Why these specific numbers for Trader A:
- 1% per trade — at $5,000, this is $50 per trade. Losing 10 trades in a row would cost $500 — a 10% drawdown. Survivable and reviewable. Trader A chose 1% over 0.5% because $25 per trade felt psychologically too small to take seriously.
- 2% daily limit — two losing trades at 1% each exhausts the daily limit. This is an intentional tight constraint. At this stage of development, Trader A wants to force a review after two consecutive losses, not four.
- 5% weekly limit — across a five-day week, this allows five losing days at the daily limit before a mandatory weekly review. In practice, a 5% weekly loss with 1% per trade means approximately five losing trades in a week, which is normal at a 40–50% win rate.
- 1 position at a time — keeps total risk at a constant 1% per session, eliminates correlation risk, and prevents overcomplication while learning.
- Session hours 08:00–10:00 London — Trader A works during the day and has a two-hour window. This window covers the London open and early session, which research and observation showed produces the best setups for EURUSD and XAUUSD.
How to Use This Document
- Print it or save it as your desktop background. It must be visible, not buried in a folder.
- Review it at the start of every week. Update the dollar amounts if your account balance has changed significantly.
- Record every time you break a rule. Not to punish yourself — to build an honest picture of your actual behaviour vs your stated framework. The journal (L7.3) is where this record lives.
Common Mistakes
Setting limits too loose to provide any meaningful constraint.
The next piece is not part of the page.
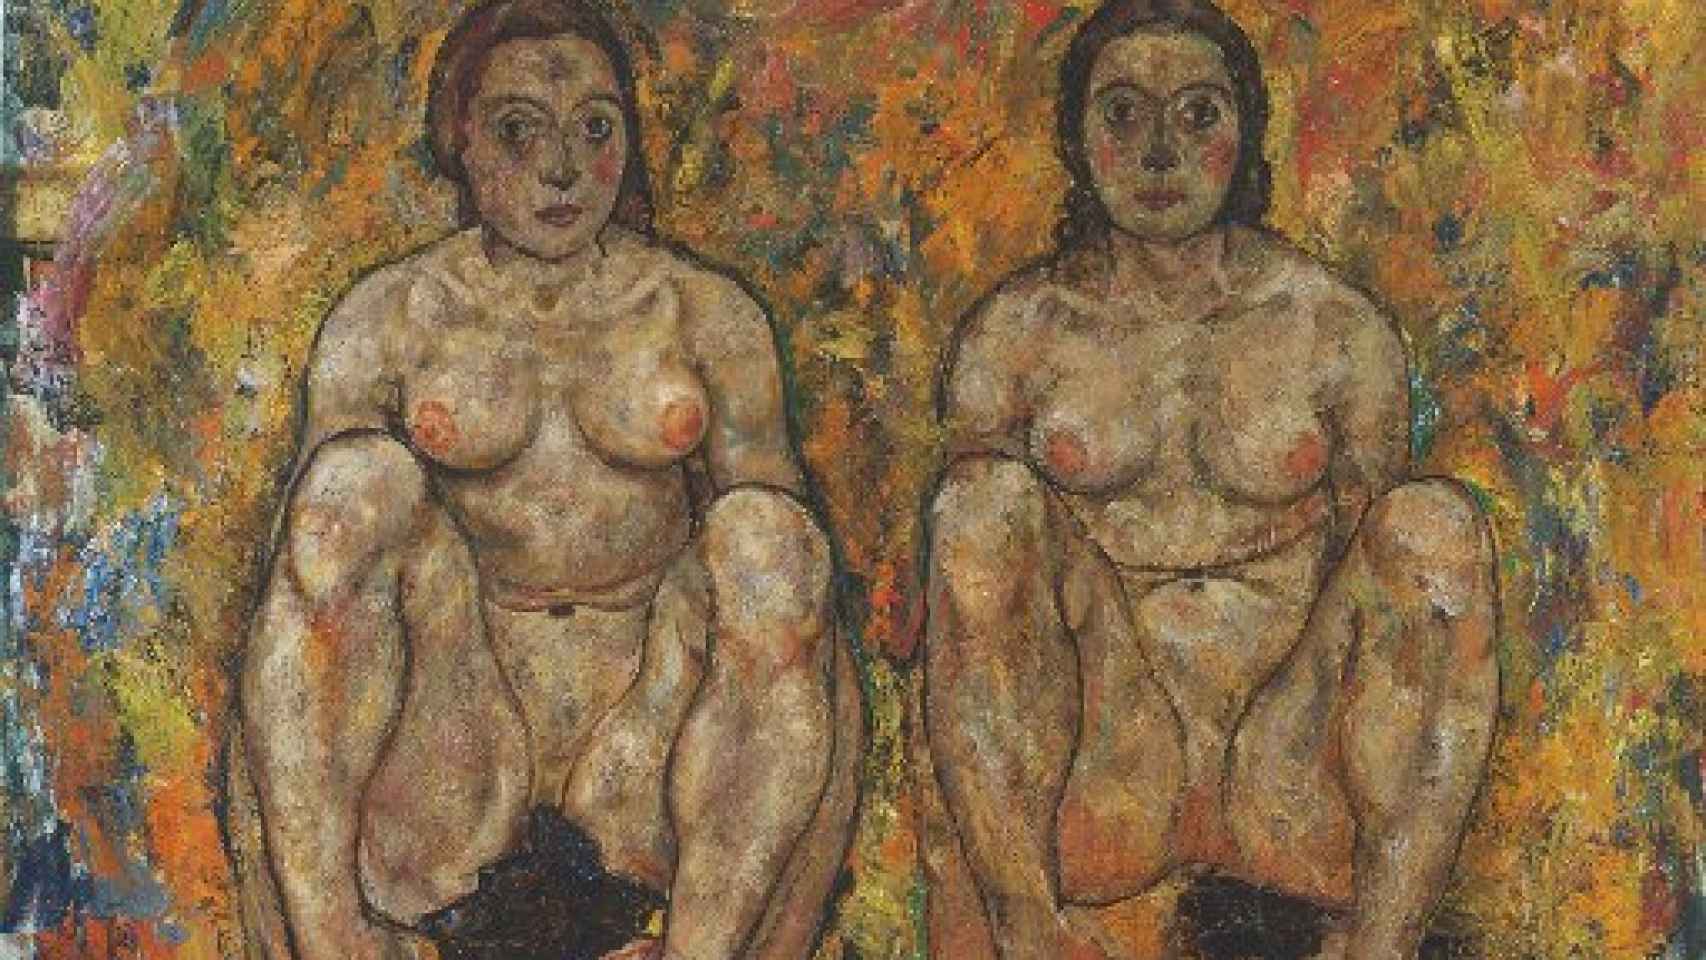 Image: Viena se entrega al erotismo de Egon Schiele

A 20% daily drawdown limit on a 1%-risk account means 20 consecutive losses before you stop. No trader needs 20 losses in a day before pausing. Set limits that create meaningful checkpoints.
Treating the framework as optional when things are "going well."
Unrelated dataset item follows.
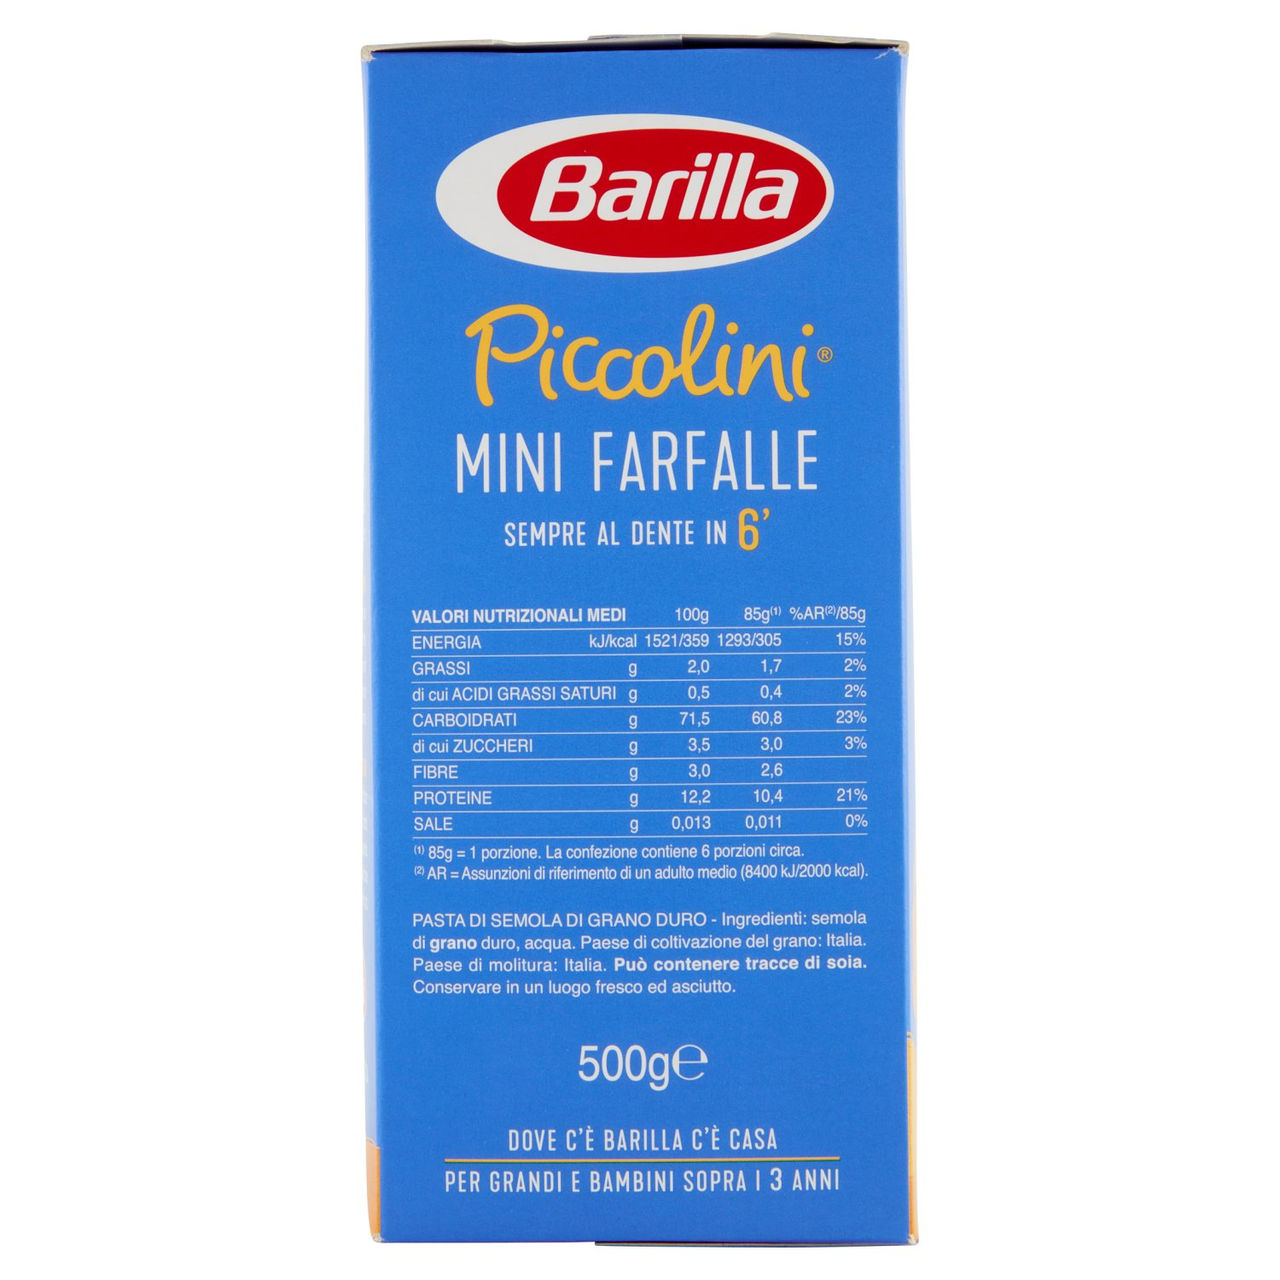 Barilla Piccolini Grano Italiano Mini Farfalle 500g

Risk rules are most at risk of being broken after a winning streak — when confidence is high and the framework feels unnecessary. This is exactly when it is most important.
Not defining the pause trigger precisely.
"I'll stop if I feel emotional" is not a rule — it is a preference that can be overridden in the moment. "Three consecutive losses" is a rule. It is objective and not subject to interpretation.
Creating a framework but not reviewing it weekly.
A framework that is written once and then forgotten is decoration. The weekly review keeps it active and ensures the dollar amounts remain accurate as account balance changes.
Key Takeaways
- A personal risk framework is a written document containing five parameters: max risk per trade, daily drawdown limit, weekly drawdown limit, max concurrent positions, and pause trigger.
- The purpose is to remove in-the-moment decision-making about risk. The rules are pre-made.
- Every pause triggered by a limit or trigger must be followed by a structured review.
- Review the framework weekly and update dollar amounts as account balance changes.
- The framework only works if it is followed consistently — including on days when it feels unnecessary.
Module 6 Deliverable
By the end of this lesson, you should have completed the risk framework template above with your own specific numbers. This is not a theoretical exercise — the completed document is a working tool you will use before every trading session.
If you trade a demo account, complete it for your demo account balance. The habit of working from a written framework is the same regardless of account type.
Save your completed framework and bring it to the Module 7 work on trading plans — the risk framework is one component of the full trading plan you will build there.
Lesson Objective
By the end of this lesson, you should have produced a completed personal risk framework template with specific numbers for all five parameters, and be able to explain what each parameter protects against and why a written document is more reliable than relying on in-the-moment judgment.